Saturday, September 05, 2015


Twenty-Third Sunday in Ordinary
Be strong, fear not! Here is your God, he comes with vindication; with divine recompense he comes to save you.  IS 35:4

The God of Jacob keeps faith forever, secures justice for the oppressed, gives food to the hungry. The LORD sets captives free.  PS 146:7

Did not God choose those who are poor in the world to be rich in faith and heirs of the kingdom that he promised to those who love him?  James 2:5

He took him off by himself away from the crowd. He put his finger into the man’s ears and, spitting, touched his tongue; then he looked up to heaven and groaned, and said to him, “Ephphatha!”— that is, “Be opened!” — And immediately the man’s ears were opened, his speech impediment was removed, and he spoke plainly.  MK 7:33-35

Lord, take me aside into the quiet. Open my ears. Open my heart. Take away my fear and give me the strength to speak of your great love to all who will listen.  Put your great love into my heart that I might love all around me who are so desperately in need of your love and healing.  Make me an instrument of your peace.
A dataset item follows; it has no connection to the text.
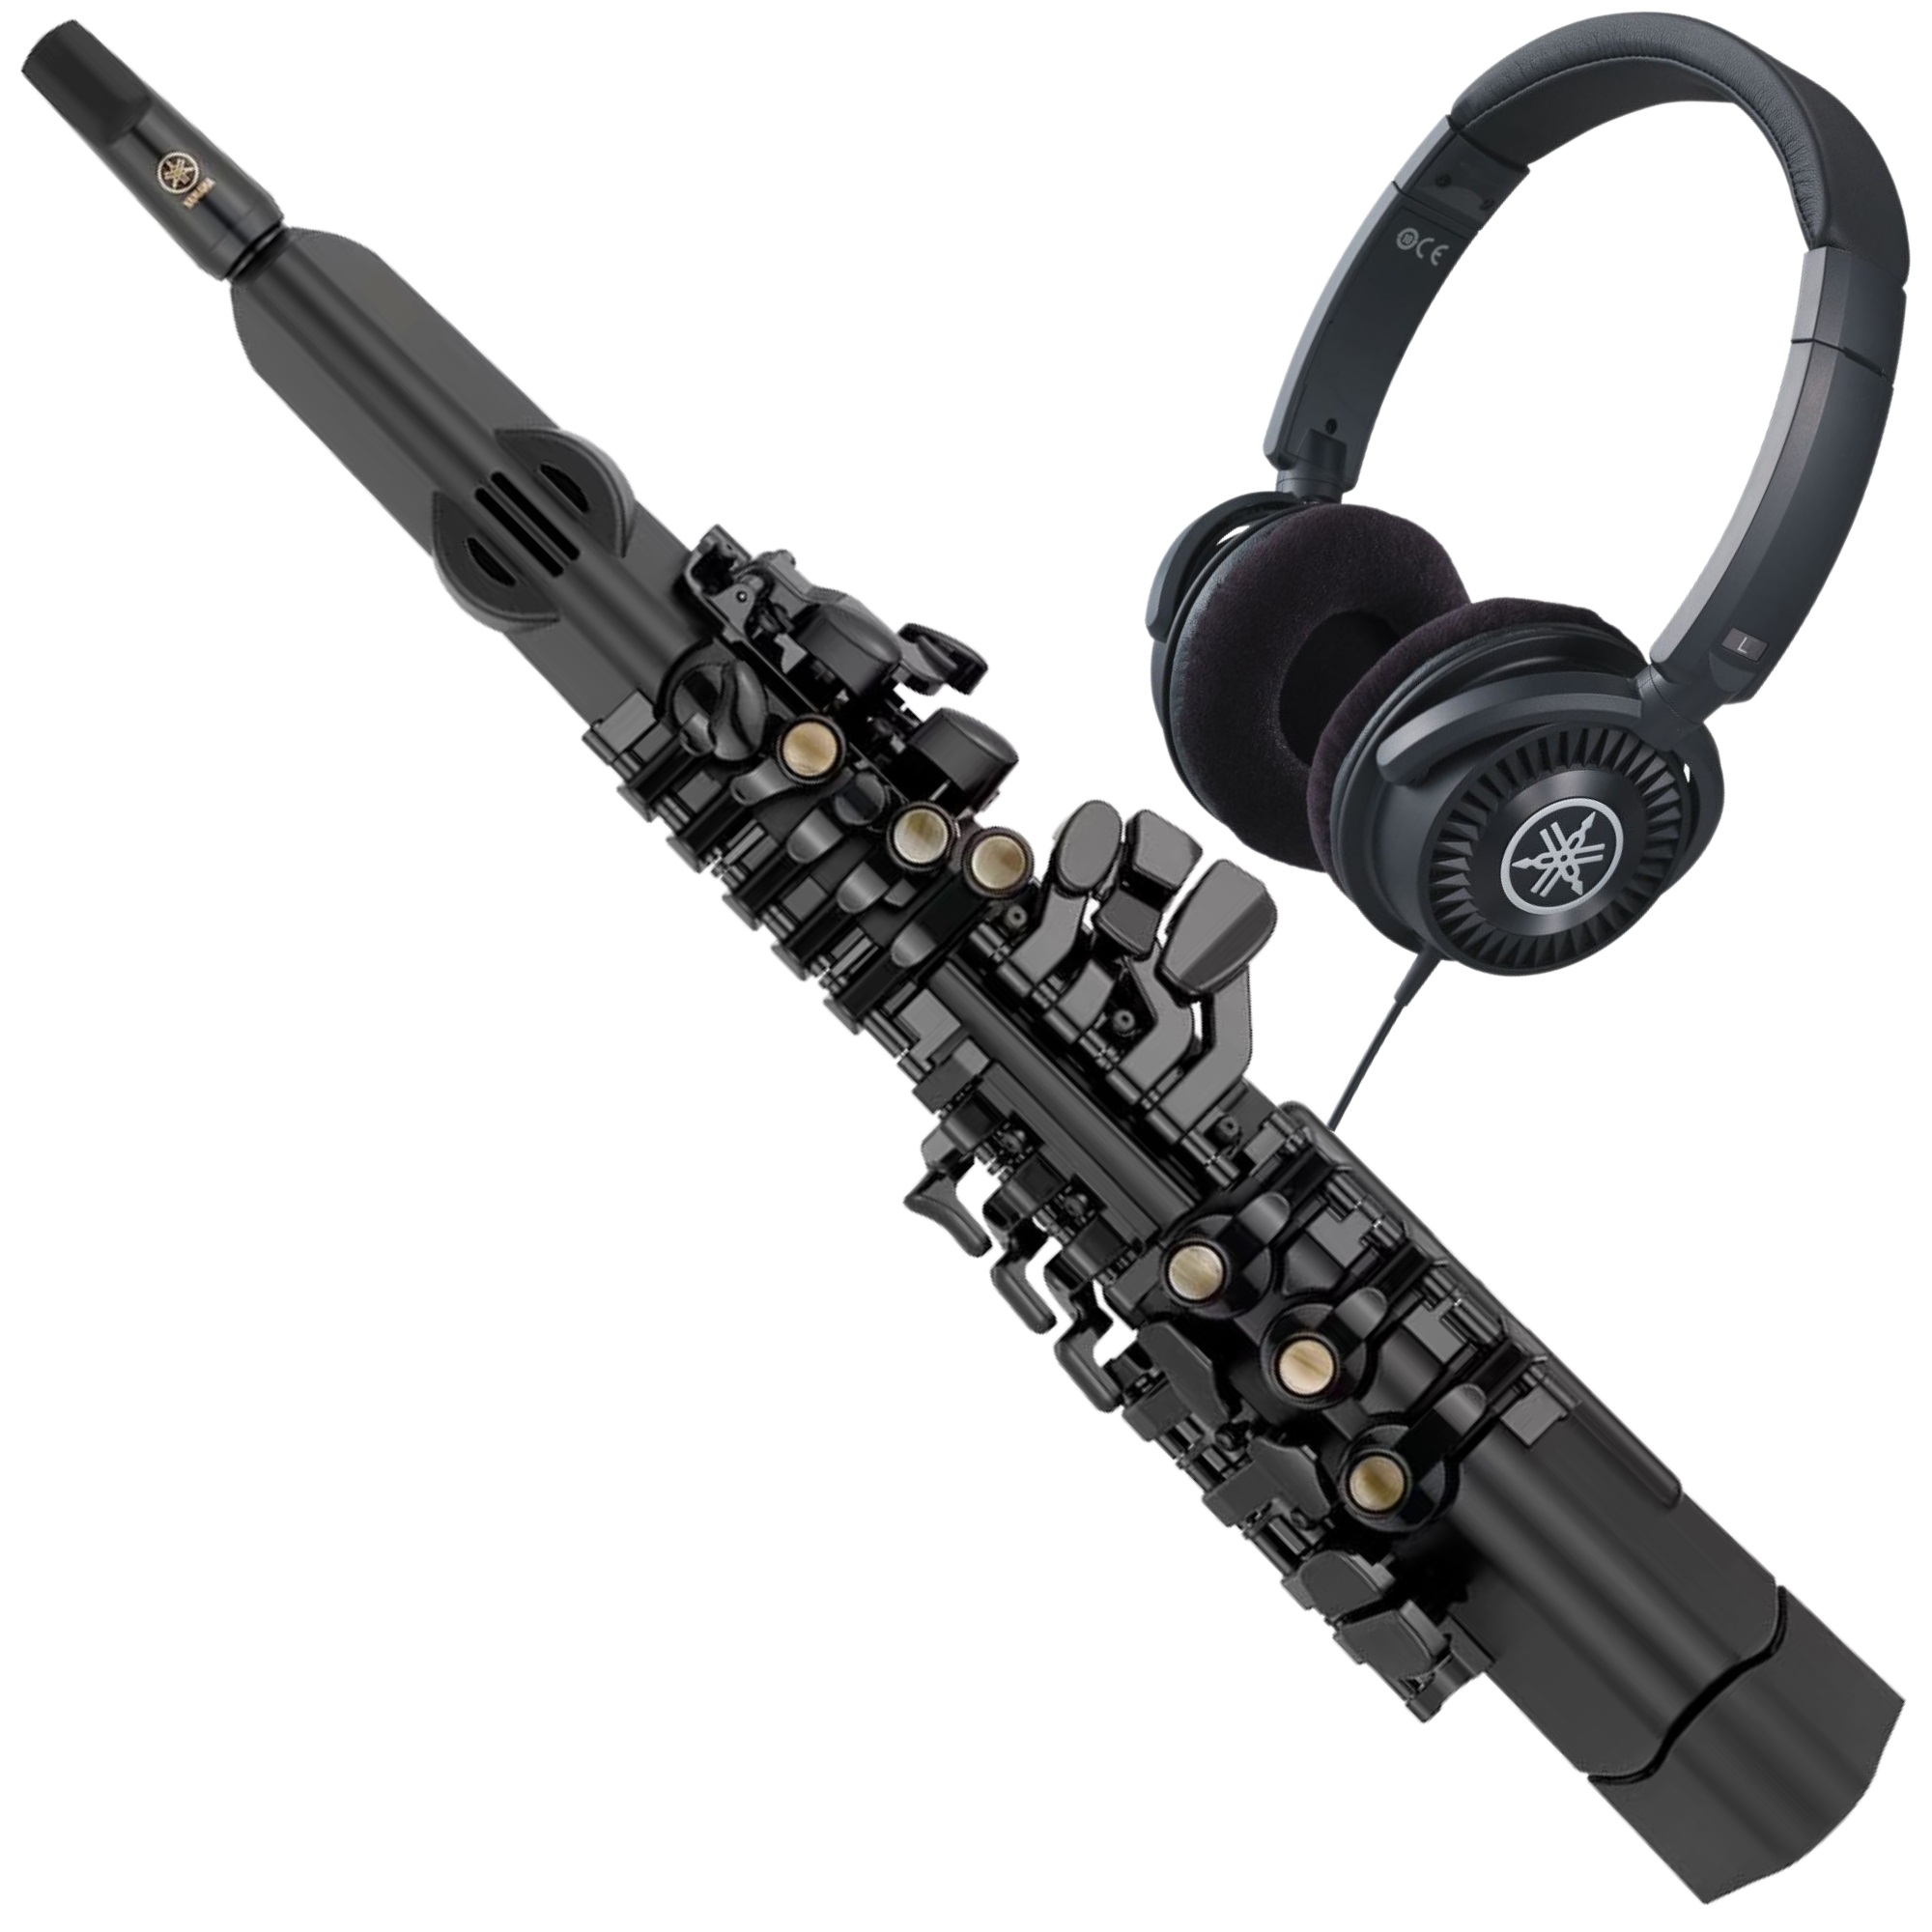 Yamaha YDS-120 Digital Saxophone and HPH150 Headphones bundle

In each of today’s readings and in the psalm, we hear of God’s great love for each of us.  But in order for us to hear, see and speak of God’s love, our ears must be opened and our sight restored.  This is best done when we go aside to be with Jesus alone for it is in the presence of Jesus and away from the crowd that our ears can be opened and our sight restored.
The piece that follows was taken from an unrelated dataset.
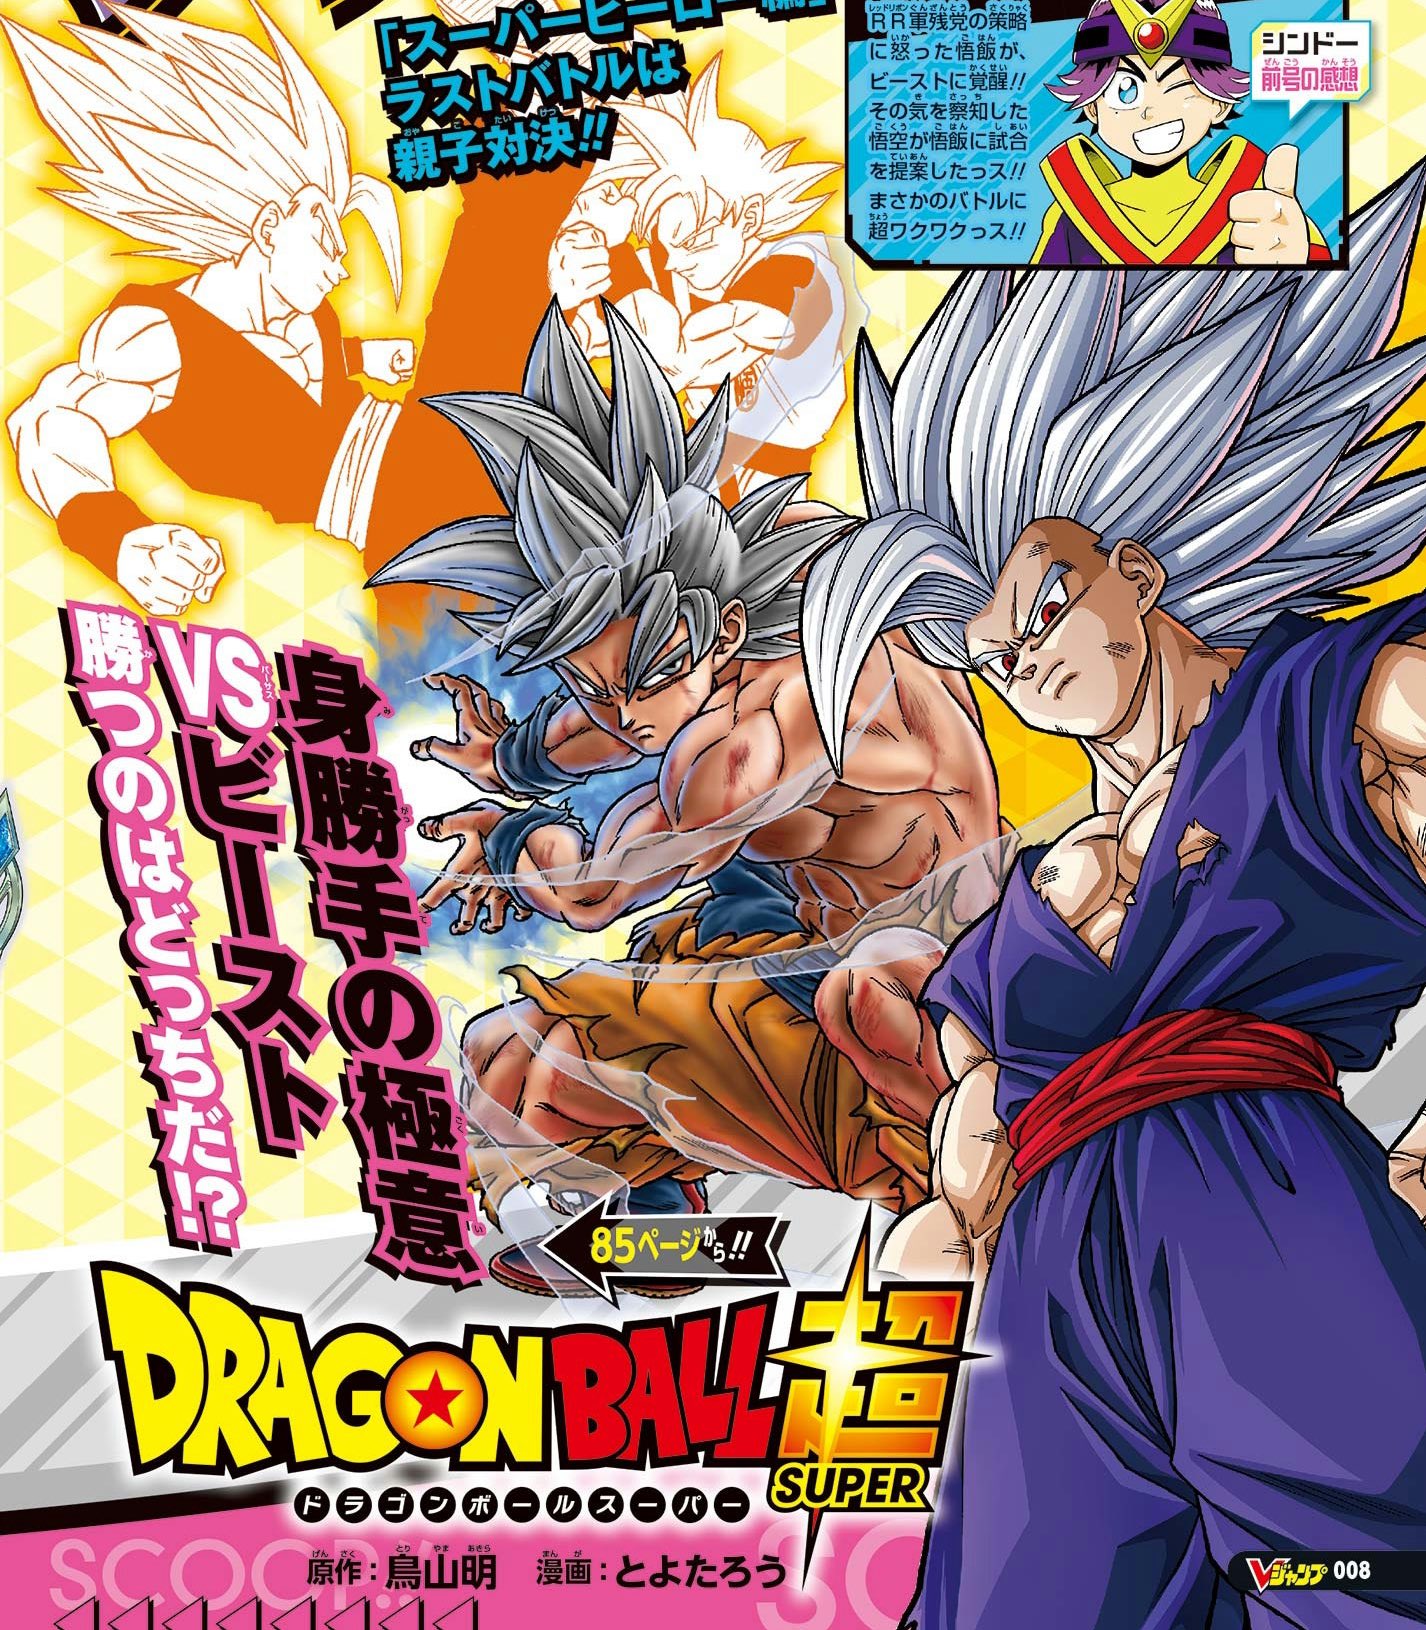 Dragon Ball Super Manga To Go On Indefinite Hiatus Starting From April 2024

In this particular healing story, the deaf man does not come to Jesus on his own seeking healing; he is brought by his friends.  As a man with hearing difficulties, I know how difficult it is to even admit you have a hearing problem much less to ask for help.  Men can solve all their own problems, right?

Jesus understands the situation and so takes the man aside away from the crowd to perform his miracle.  Jesus shows great sympathy for the man and his situation.  Such is the great love and compassion that God feels for each of us.

Jesus tells the crowd not to tell anyone what has happened here. The usual explanation for this is that Jesus did not want to further alienate the religious leaders.  I wonder if a better explanation might be that Jesus did not want to embarrass the man he had just healed.  As imitators of Jesus, are we not being called to exercise the same care and consideration for others that he has shown to the deaf man?

Who are the people in your life who are afraid and in need of encouragement? Who can you bring to Jesus for healing? Do you have the courage to seek Jesus healing touch for yourself on your own or do you need someone to bring you to Jesus for help?

Spend some time today in the quiet reflecting on these questions and others that may arise. Use the answers to formulate your apostolic plan of Action for this week.